21. Ceritaku dan Ceritamu

21 2 0
                                    

Andra keluar dari lift. Pemuda itu melangkah menuju apartemennya. Di depan pintu apartemen, ia melihat Pak Yudha berdiri dengan sesuatu di tangan. Andra menghentikan langkah, berniat untuk membalikkan tubuh. Sayangnya, sebuah panggilan dari Pak Yudha menghentikannya.

“Andra, tunggu!” teriak Pak Yudha sembari menghampiri Andra.

Andra mengepalkan tangan. Hatinya seperti dicabik-cabik. Segala hal yang tak ingin ia ingat seolah berputar di kepala.

“Andra, kamu belum makan, 'kan?” tanya Pak Yudha dengan tersenyum ramah.

Sungguh Andra benci senyuman ramah kakak dari ayahnya itu. Senyuman itu seolah dijadikan topeng untuk menutupi kesalahannya di masa lalu.

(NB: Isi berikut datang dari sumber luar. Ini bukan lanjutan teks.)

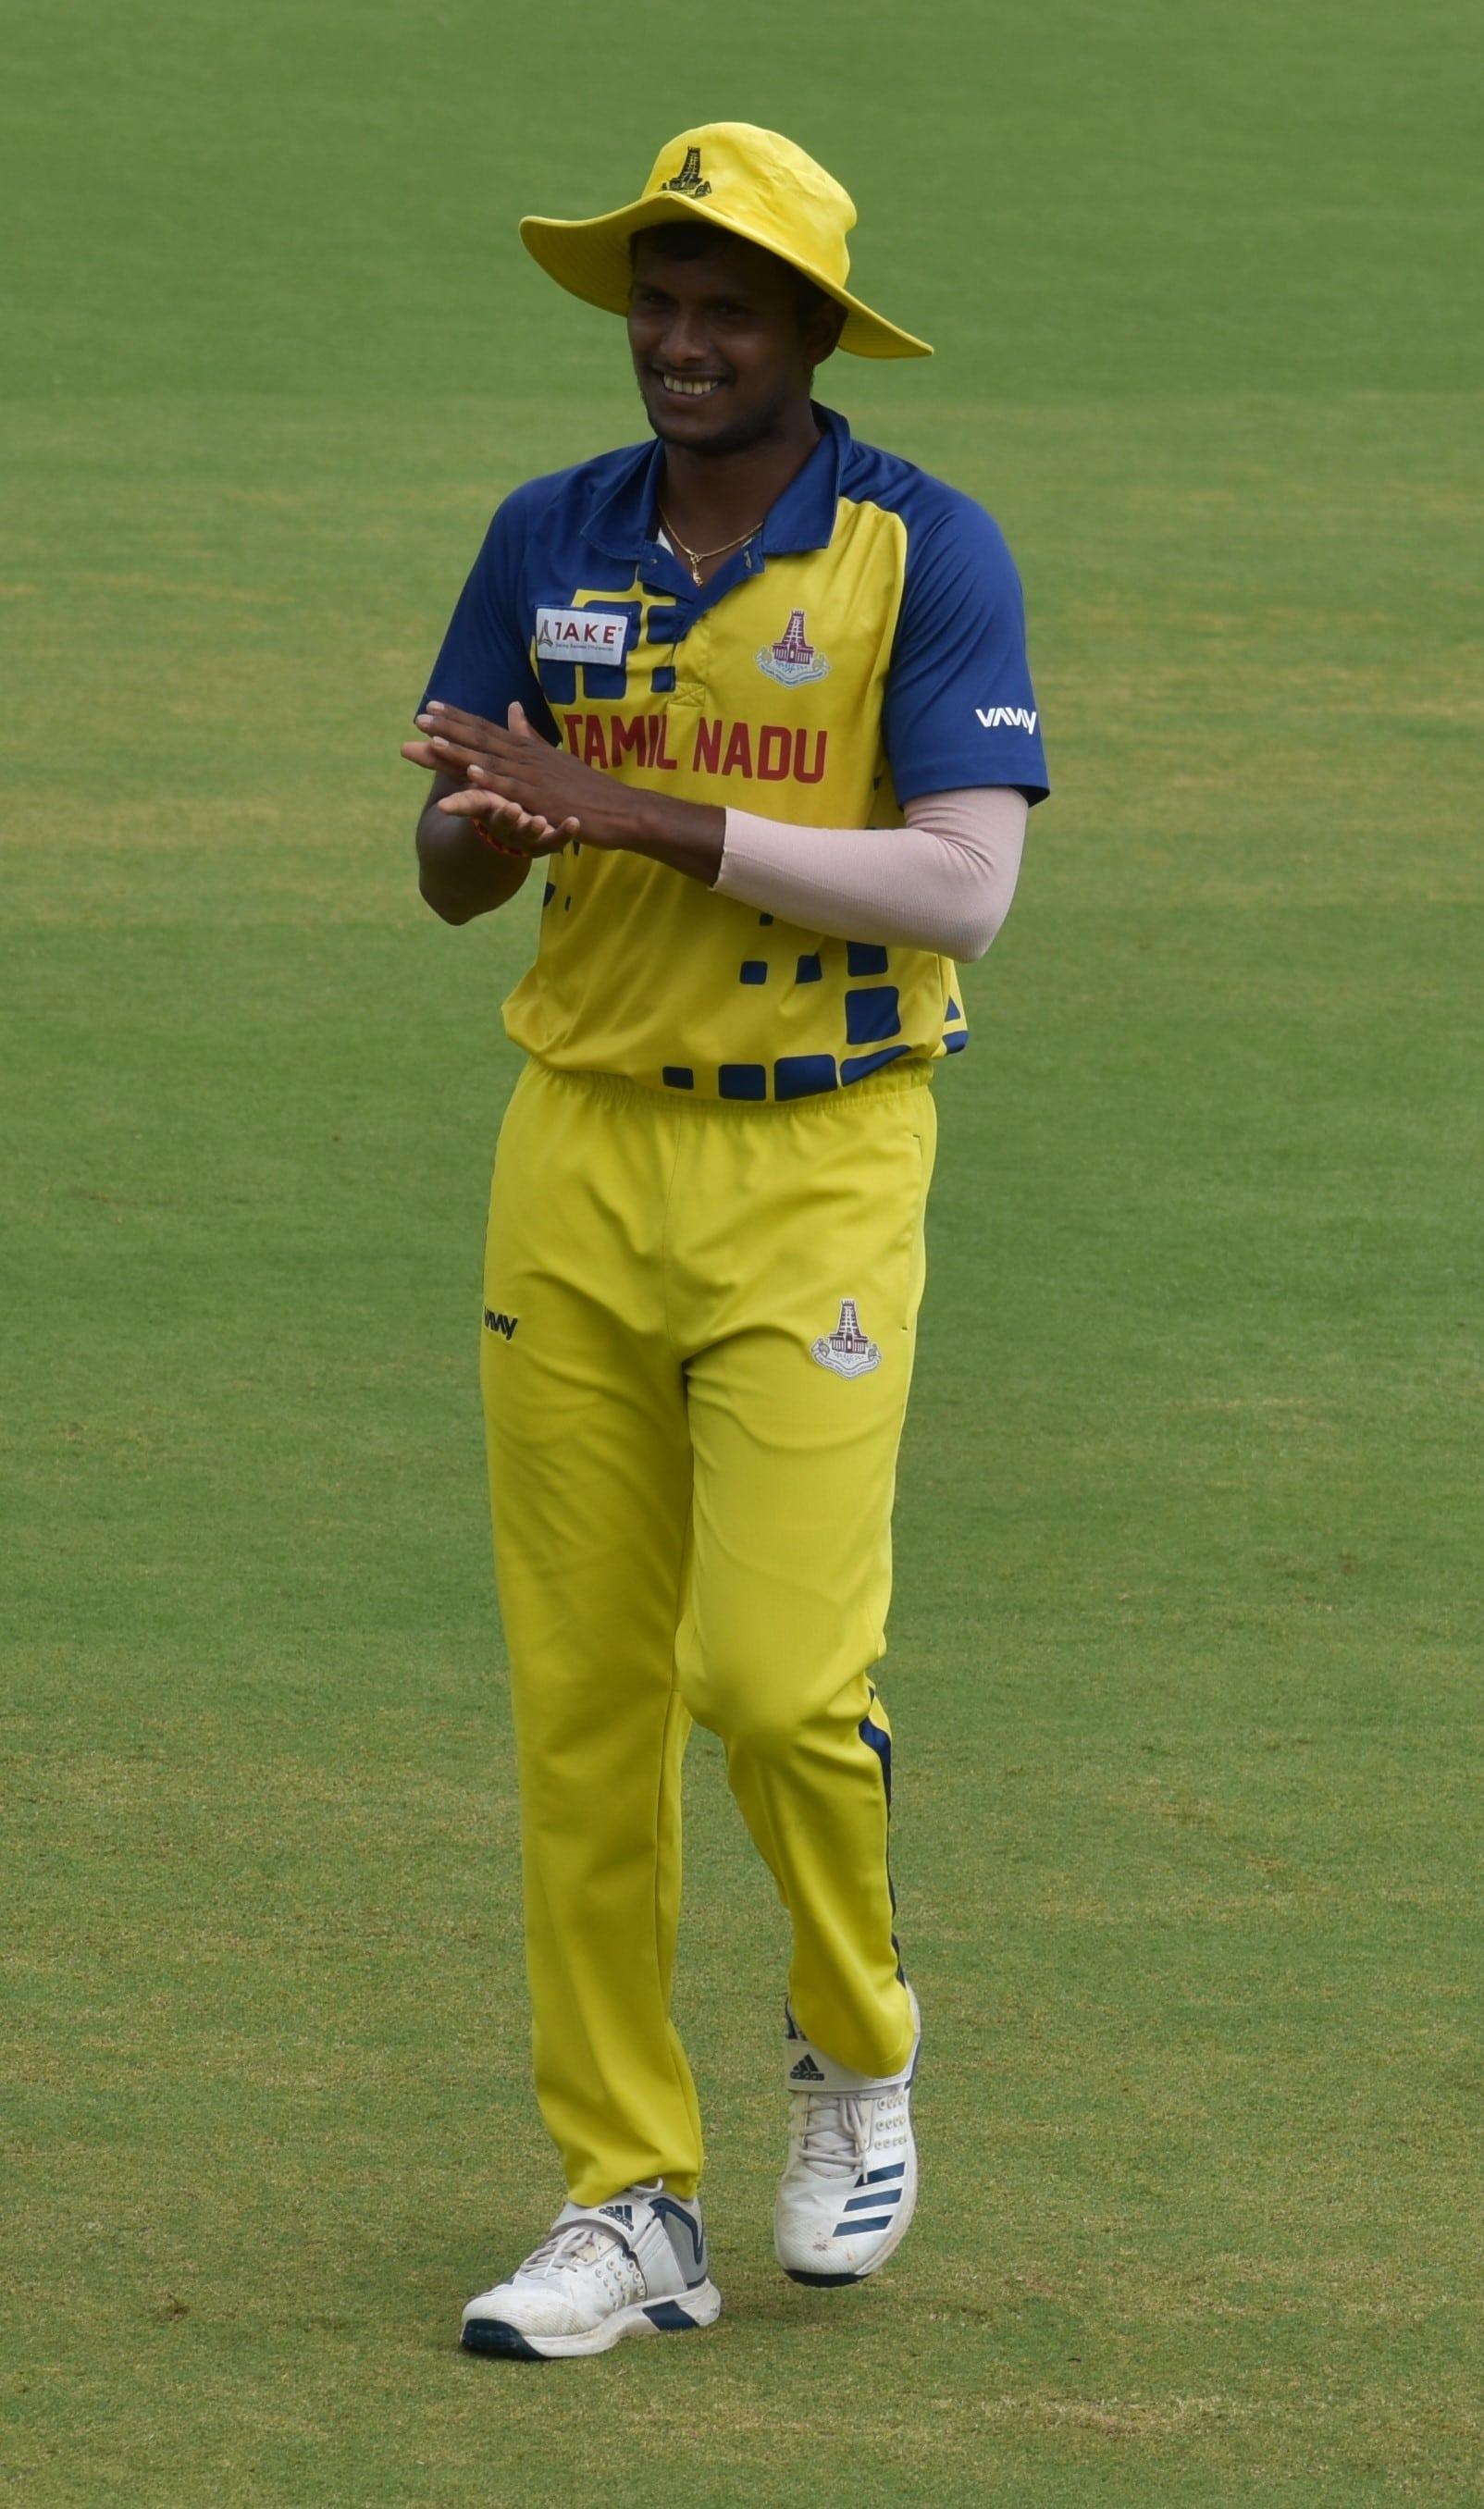 Thangarasu Natarajan Indian Cricketer

“Aku udah makan,” tolak Andra.

“Kalo gitu, kamu bisa makan ini—”

Pak Yudha belum sempat menyelesaikan perkataannya, tapi tiba-tiba Andra merebut kantong plastik di tangan dan menginjaknya kasar. Dengan air mata yang mengalir, pemuda itu seolah meluapkan rasa bencinya pada kantong plastik berisi makanan itu.

“Kamu mau seperhatian apapun sama aku, nggak akan ada yang berubah! Sejak awal, kekacauan ini karena ulah kamu! Kalo aja kamu nggak jadi pengecut, mungkin aku nggak akan pernah ada dan jadi beban orang tuaku!” teriak Andra, meluapkan emosinya.

Pak Yudha terdiam. Apa yang Andra katakan memang benar. Kekacauan yang ada di keluarga Bharata memang akibat ulahnya. Jika saja 18 tahun lalu ia tak jadi pengecut, mungkin ceritanya akan berbeda.

Andra melangkah menuju apartemennya. Tubuhnya gemetar dan berkeringat dingin. Ia begitu membenci dan menyesali hidupnya. Bahkan jika boleh jujur, sebenarnya Andra ingin mengakhiri segalanya.

Andra memasuki apartemen dan menutup pintu dengan keras. Tubuhnya merosot di lantai dengan terisak. Selepas kepergian sang kakek, Andra seolah tak memiliki sandaran. Sang ayah terlalu sibuk mengurus pekerjaan dan keluarga barunya. Hanya Pak Yudha yang seolah berusaha menggantikan peran sang kakek.

***

Deburan ombak dan angin kencang pantai menemani Andra. Dinginnya udara seolah tak membuat pemuda berahang tajam itu ingin beranjak dari tempatnya. Di bawah langit dan sinar rembulan, Andra memandang hamparan pantai yang luas. Pantai saja seluas itu. Berarti, dunia ini ribuan kali lebih luas. Sayangnya, di dunia yang begitu luas, Andra merasa sendiri dan tak memiliki siapa-siapa.

“Kenapa gue dilahirin kalo cuma buat nanggung beban ini?” teriak seseorang yang berada tak jauh dari tempat Andra duduk.

Mendengar suara teriakan tersebut, Andra menoleh ke sumber suara itu berasal. Dalam gelapnya malam, netra Andra melihat sosok yang tak asing.

“Jill?” gumam Andra.

Andra bangkit dari duduknya. Ia melangkah menghampiri Jill yang sepertinya tengah mengalami hal yang sama dengannya.

“Andra? Lo ngapain di sini?” tanya Jill saat melihat Andra.

Andra tak menjawab pertanyaan Jill. Ia malah mengeluarkan beberapa batu kecil dari kantong celananya. Kemudian, menyodorkan benda tersebut pada Jill. “Nih buat lo!” ucapnya.

Jill menerima batu pemberian Andra. Dengan semangat, gadis itu melempar batu-batu itu ke pantai. Dengan terisak pelan, Jill seolah membuang masalahnya bersamaan dengan dilemparnya batu-batu tersebut.

“Kalo lo ada masalah dan pengen cerita, lo bisa cerita ke gue.” Andra memandang Jill lekat, seolah memahami perasaan gadis 18 tahun itu.

Sebuah perkataan yang biasa, namun terdengar hangat di telinga Jill. Andra adalah orang pertama yang menawarkan diri untuk menjadi pendengar ceritanya. Andra juga menjadi orang pertama yang mengetahui sisi rapuhnya.